Tables containing means and variances for each of the ERP effects reported below are available in the Supplementary Materials Table S2.

3.2.1. Semantic Priming ERP Effect

Hearing vs. Deaf Signers

Semantics (325–625 ms). The semantic priming ERP results for the hearing and deaf signers are shown in Figure 3. The omnibus test for the semantic priming ERP effect yielded a main effect of Semantics, with semantically unrelated target signs producing greater negativities than semantically related trials especially over more midline and central-parietal sites, F(1,42) = 44.38, p < 0.001, ηp2 = 0.51, Semantic × Anterior/Posterior × Laterality, F(8,336) = 5.95, p < 0.001, ηp2 = 0.12. There was also a significant Group × Semantics interaction, F(1,42) = 5.78, p = 0.02, ηp2 = 0.12, indicating that the N400 priming effect was stronger for deaf signers (M = −2.43 µV) than for hearing signers (M = −1.14 µV).

a. Hearing Signers

Semantics (325–625 ms). Within the hearing group, there was a clear N400 semantic priming effect such that semantically unrelated trials elicited larger N400s than semantically related trials, F(1,19) = 8.36, p = 0.01, ηp2 = 0.31. This effect was strongest over right posterior sites, Semantics × Laterality × Anterior/Posterior, F(8,152) = 5.13, p < 0.001, ηp2 = 0.21.

b. Deaf Signers

Semantics (325–625 ms). Like the hearing group, the deaf group also showed a significant semantic priming effect, F(1,23) = 44.97, p < 0.001, ηp2 = 0.66. For deaf signers, the effect was strongest over midline posterior sites, Semantics × Laterality × Anterior/Posterior, F(8,184) = 2.56, p = 0.04, ηp2 = 0.10. This effect remained significant for both the implicit subgroup, Semantics, F(1,13) = 34.94, p < 0.001, ηp2 = 0.73, Semantics × Laterality, F(1,13) = 4.33, p = 0.049, ηp2 = 0.25, Semantics × Anterior/Posterior, F(1, 13) = 4.70, p = 0.02, ηp2 = 0.27, and the explicit subgroup, Semantics, F(1,9) = 11.86, p = 0.01, ηp2 = 0.57.

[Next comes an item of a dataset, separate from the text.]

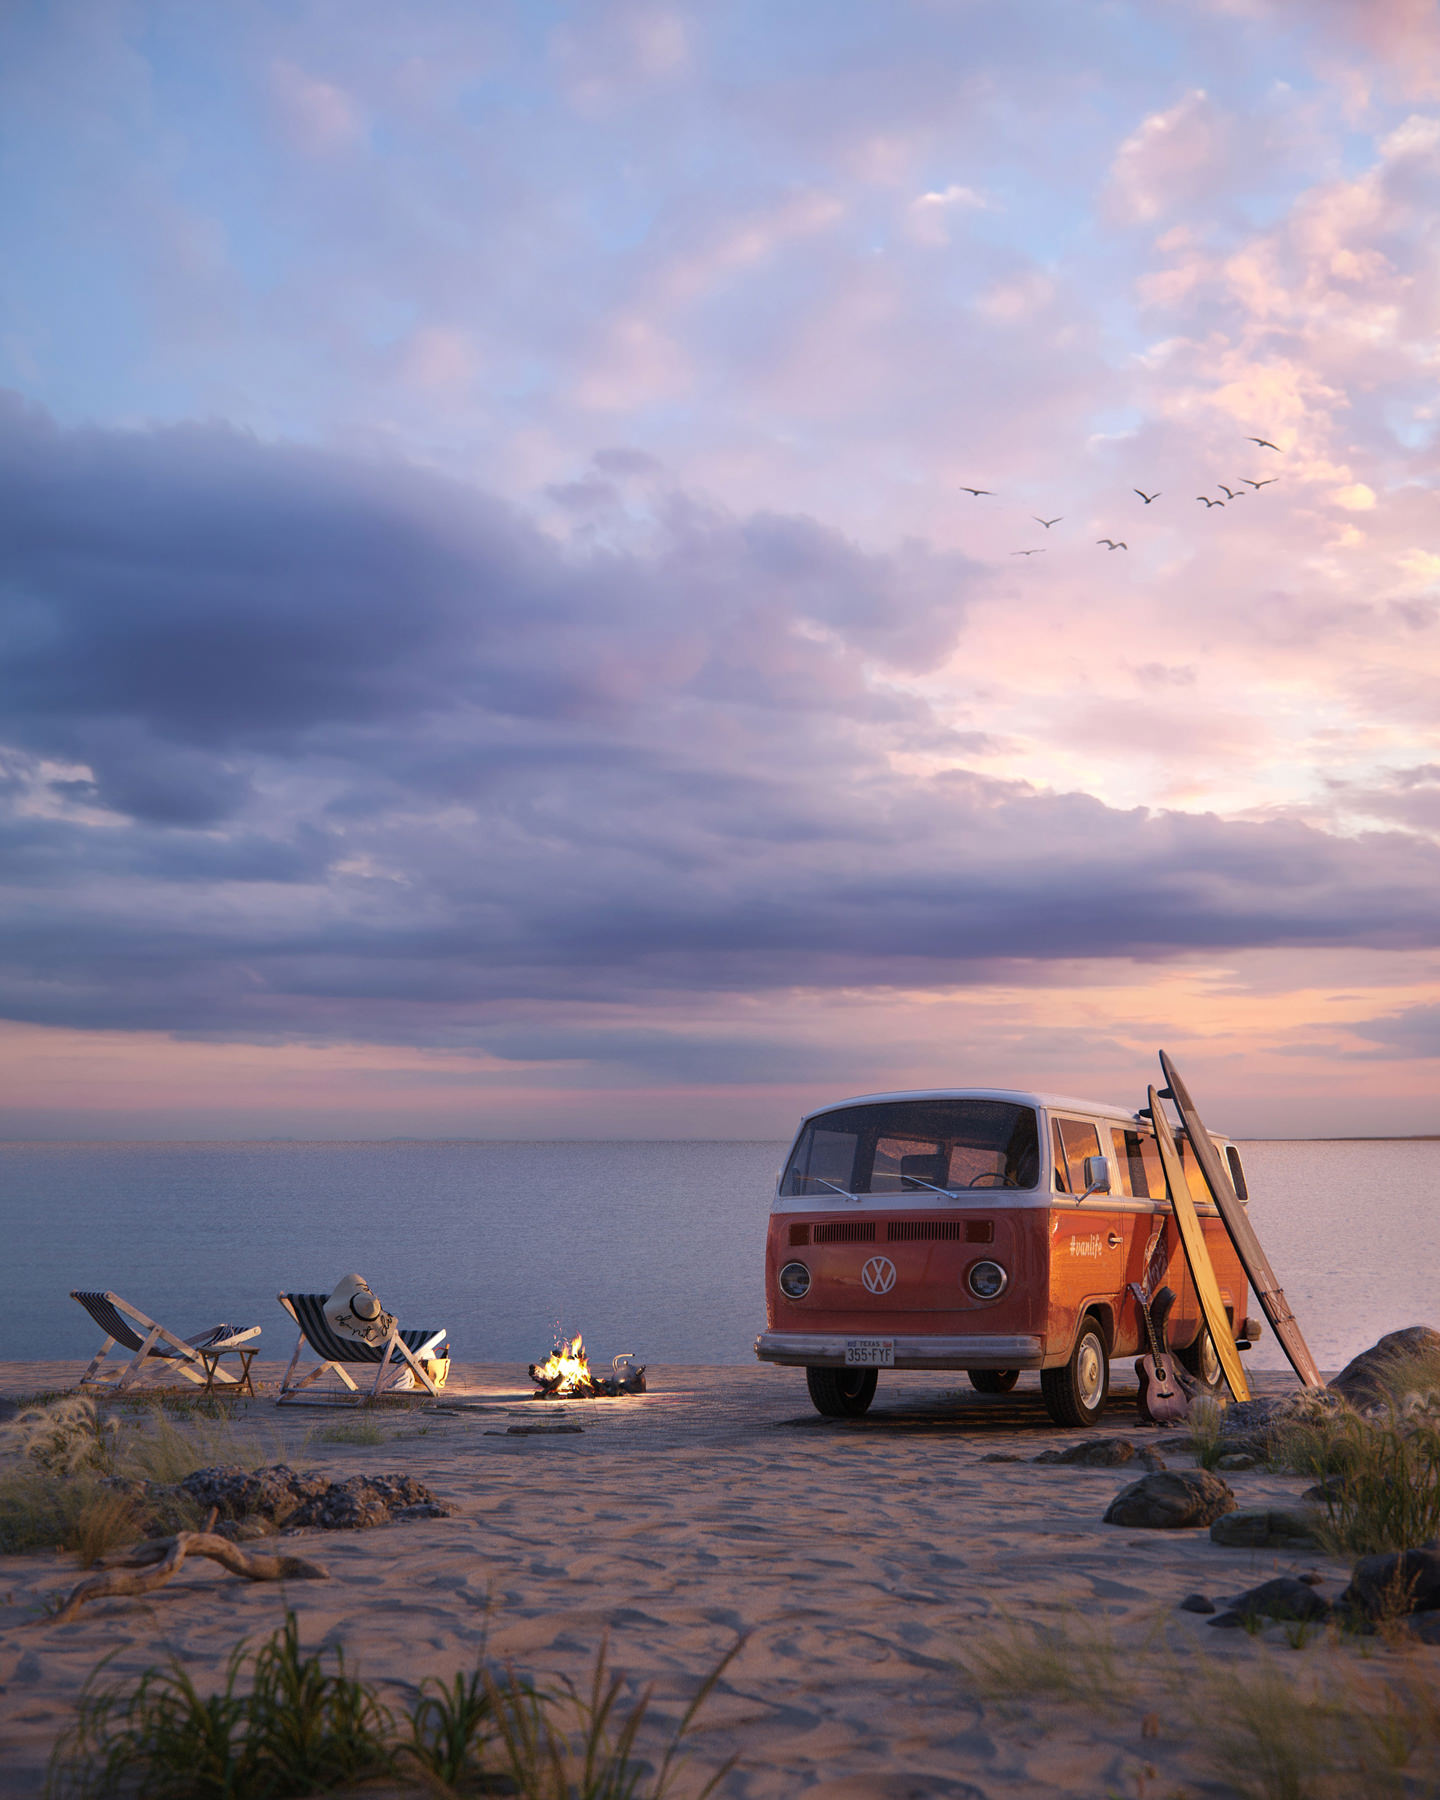 Photo realistic render of a red retro van parked next to lounge chairs and a campfire on the beach making it a comfortable place to enjoy the sunset over the ocean
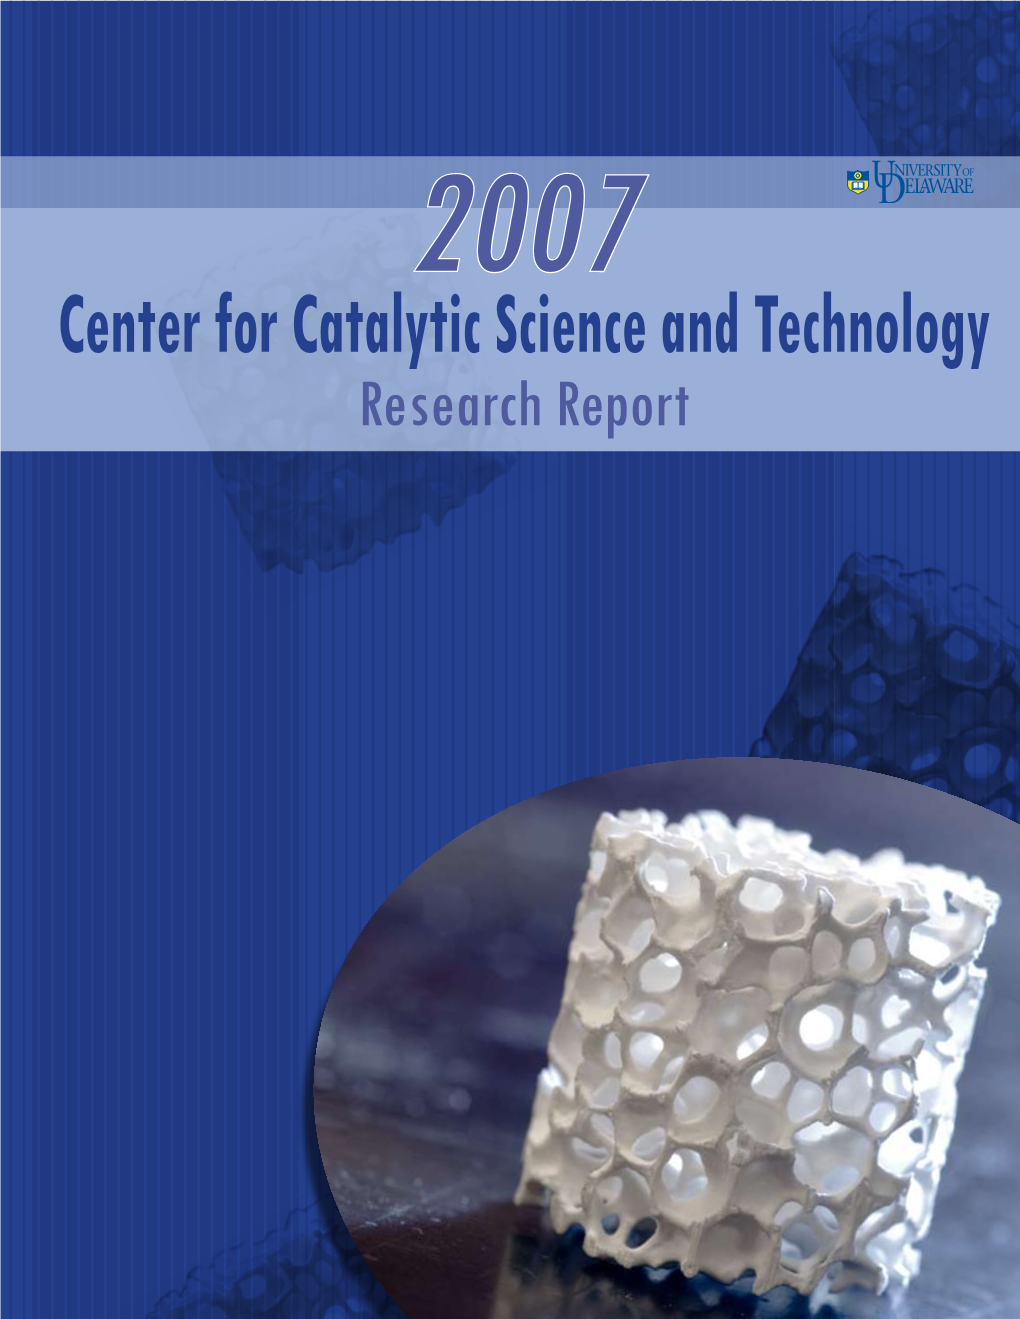 Center for Catalytic Science and Technology Research Report

3.2.2. English Translation Rime Priming Effect

Hearing vs. Deaf Signers

Rime (325–625 ms). The English translation rime priming results for hearing and deaf signers are shown in Figure 4. An omnibus ANOVA was conducted on the translation rime priming N400 ERP effect for deaf and hearing signers. A significant Group × Rime interaction indicated that the effect went in the standard priming direction (unrelated more negative than related) in the hearing signers (M = −0.53 μV) but in the opposite direction (related more negative than unrelated) in the deaf signers (M = 0.56 μV), F(1,42) = 4.71, p = 0.04, ηp2 = 0.10.
Rime (700–900 ms). The omnibus test for the late effect of translation rime priming yielded a Group × Rime × Laterality interaction, F(2,84) = 9.58, p = 0.001, ηp2 = 0.19. Targets in unrelated pairs elicited larger negativities compared those in related pairs, especially over right hemisphere electrodes, in the hearing group while in the deaf group it was the targets in related pairs that elicited larger negativities, especially over left hemisphere sites.

a. Hearing Signers

Rime (325–625 ms). There was a significant English translation rime priming N400 effect in the hearing signers. Sign targets in pairs with non-rime English translations elicited larger negativities than sign targets in pairs with rime translations, especially at right hemisphere sites, Rime × Laterality, F(2,38) = 6.41, p = 0.01, ηp2 = 0.25 (see Figure 4, left panel).
Rime (700–900 ms). A large widespread English translation effect continued into the later window for hearing signers, Rime, F(1,19) = 11.41, p = 0.003, ηp2 = 0.38, Rime × Laterality, F(2,38) = 15.96, p < 0.001, ηp2 = 0.46, with greater negativities for targets with non-rime primes than for targets with rime primes, especially at right hemisphere sites (see Figure 4, left panel).

b. Deaf Signers

Rime (325–625 ms). There was a significant reversed N400 effect of translation rime priming in the deaf signers. Sign targets in non-rime translation pairs elicited smaller negativities than targets in rime pairs within the N400 window, especially at left anterior sites, Rime × Laterality × Anterior/Posterior, F(8,184) = 3.24, p = 0.002, ηp2 = 0.12 (see Figure 4, right panel).
Rime (700–900 ms). Targets in non-rime translation pairs continued to elicit smaller negativities than targets in rime translation pairs in the later window, especially at left hemisphere sites, Rime × Laterality, F(2,46) = 7.56, p = 0.002, ηp2 = 0.25 (see Figure 4, right panel).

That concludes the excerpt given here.